**Task requirements:** In the entries that follow, find the line containing "União da Juventude" and the line containing "Cruz Morcillo debuta", then retype exactly the lines from the first through the second, pictures excluded.

**Dataset excerpts:**
*-*-*
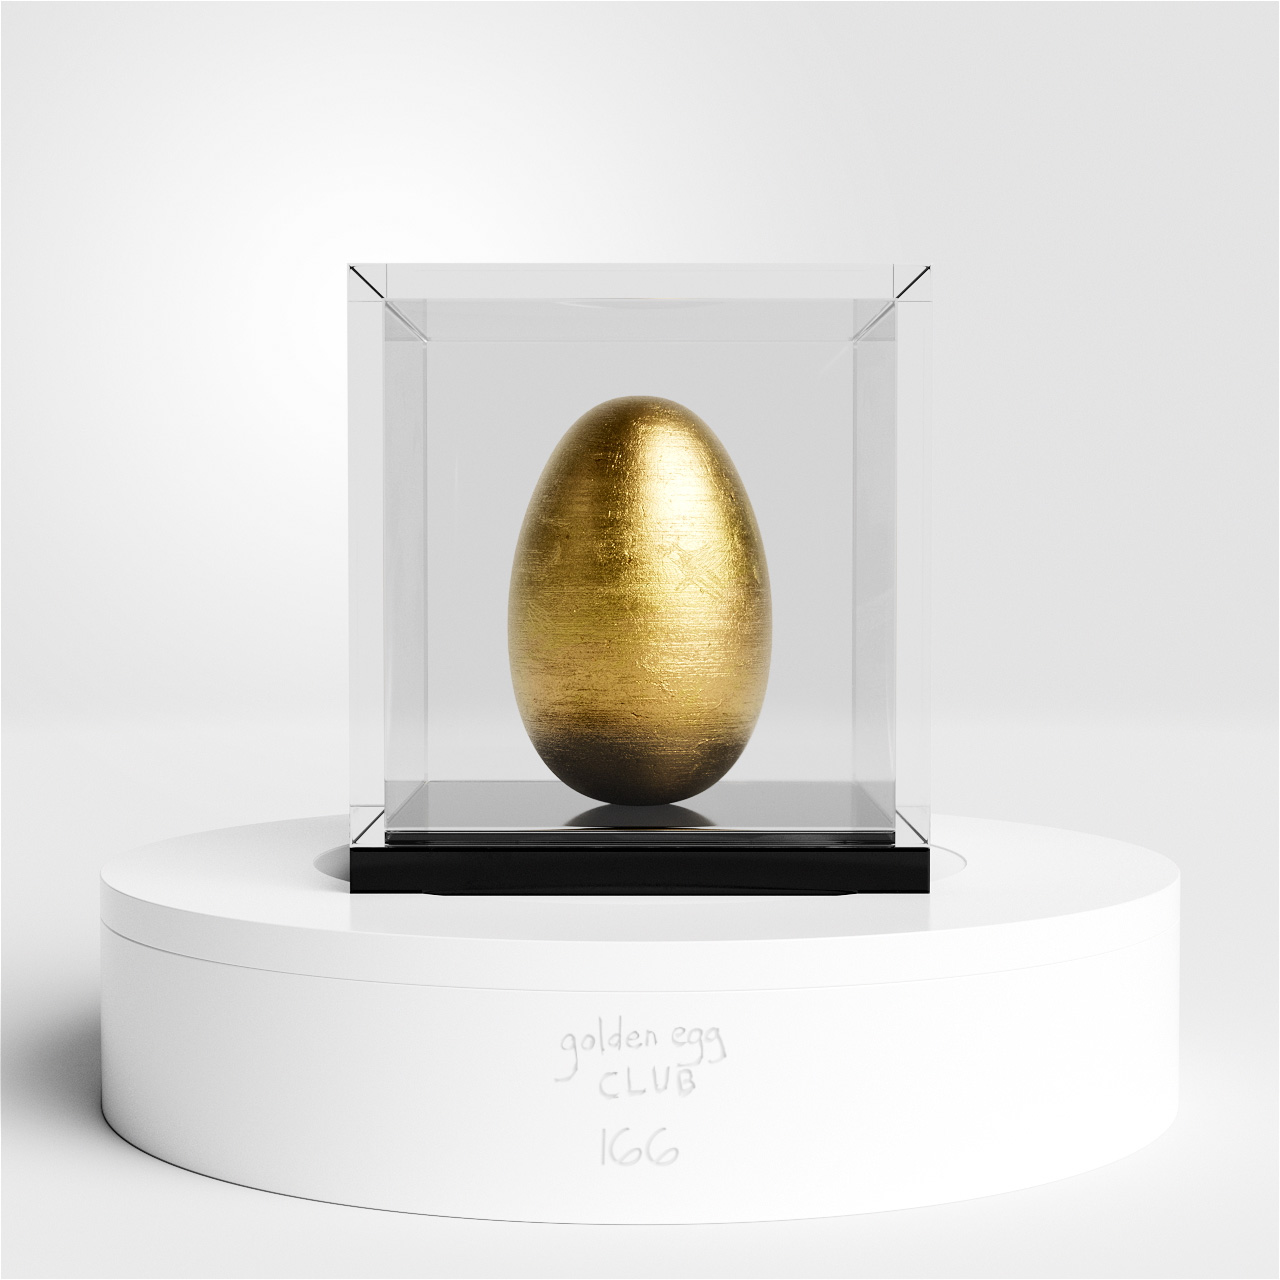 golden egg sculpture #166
*-*-*
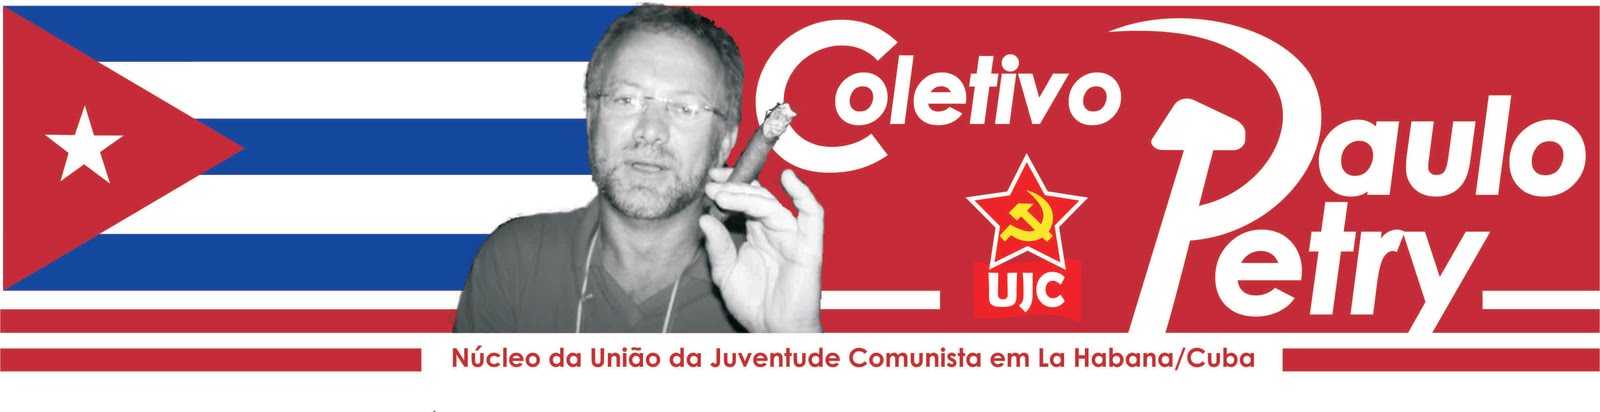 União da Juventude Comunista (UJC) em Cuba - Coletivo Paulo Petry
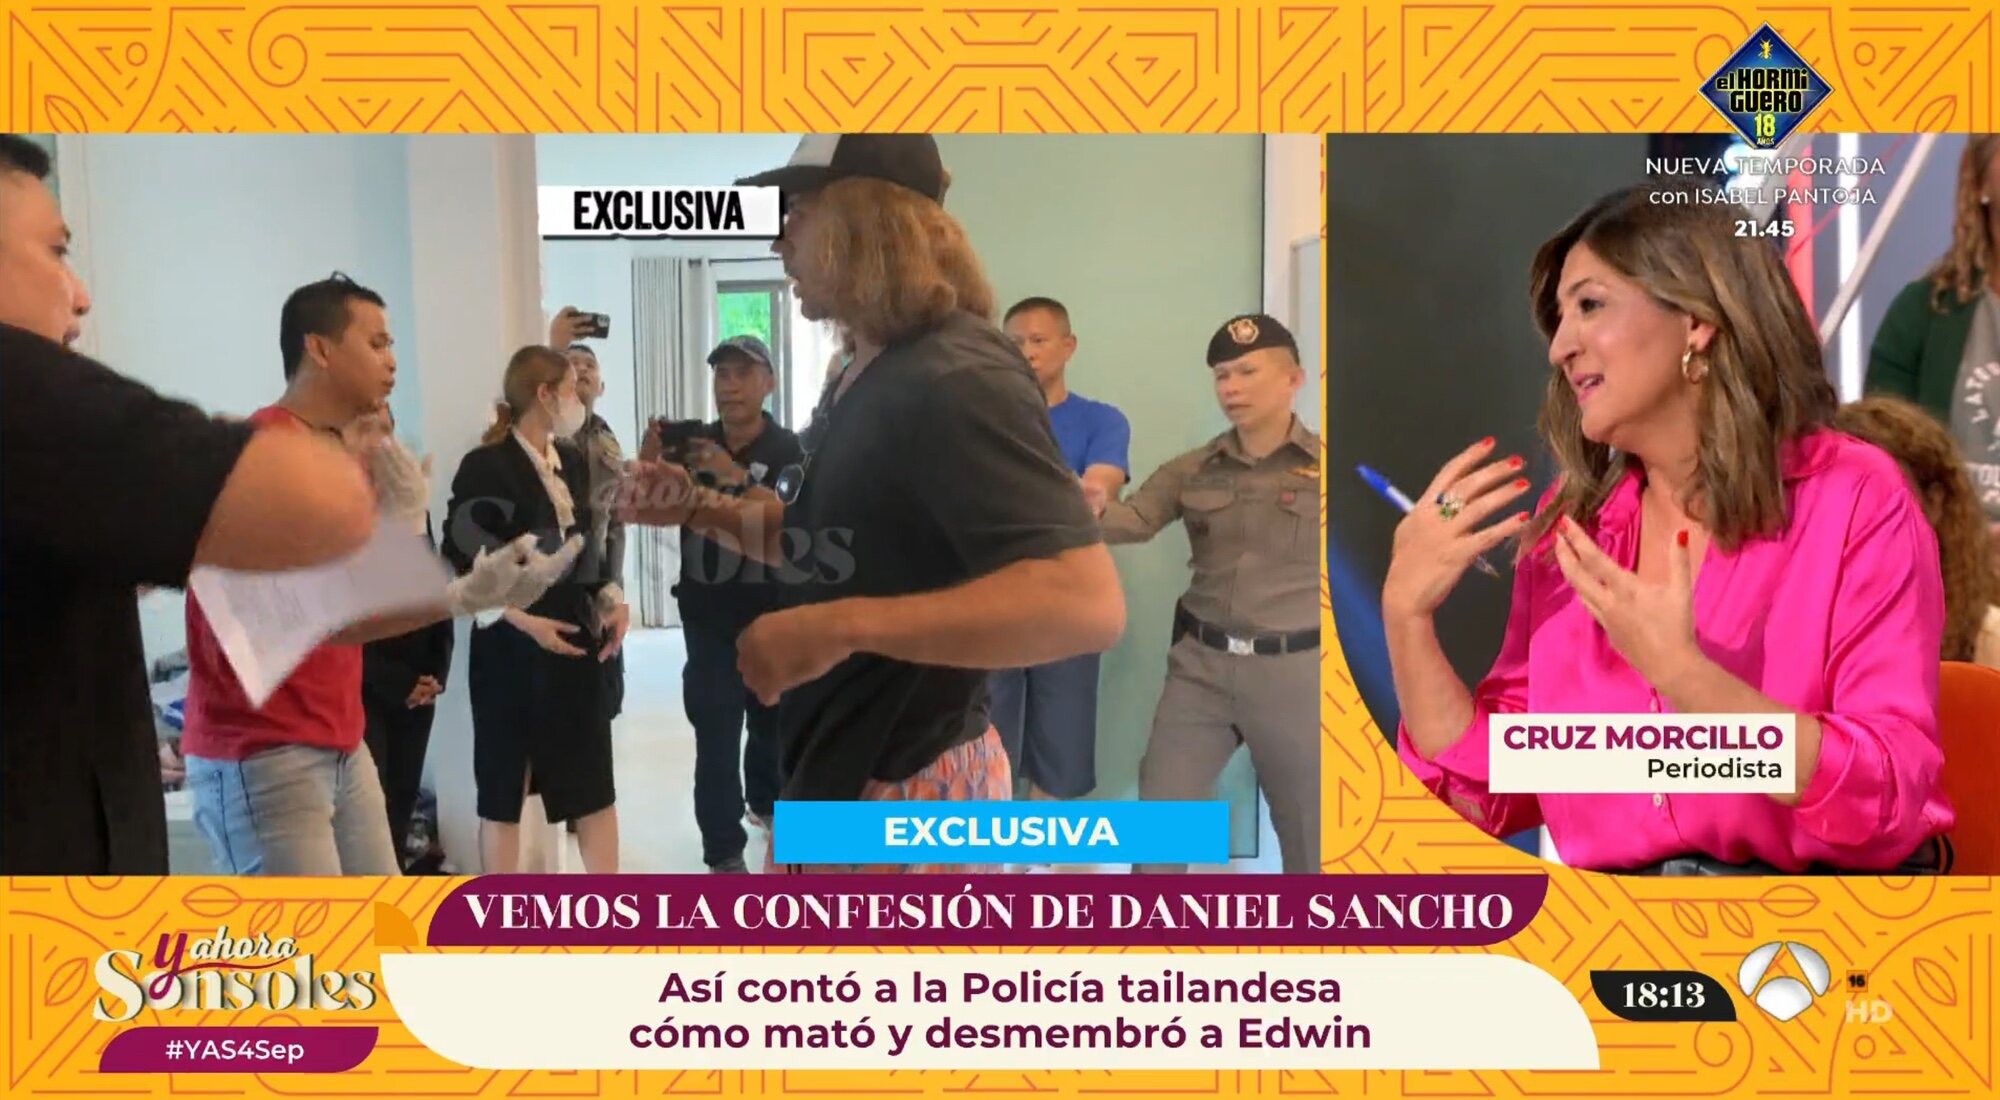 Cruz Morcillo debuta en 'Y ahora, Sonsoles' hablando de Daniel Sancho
*-*-*
**Your solution:**
 União da Juventude Comunista (UJC) em Cuba - Coletivo Paulo Petry
 Cruz Morcillo debuta en 'Y ahora, Sonsoles' hablando de Daniel Sancho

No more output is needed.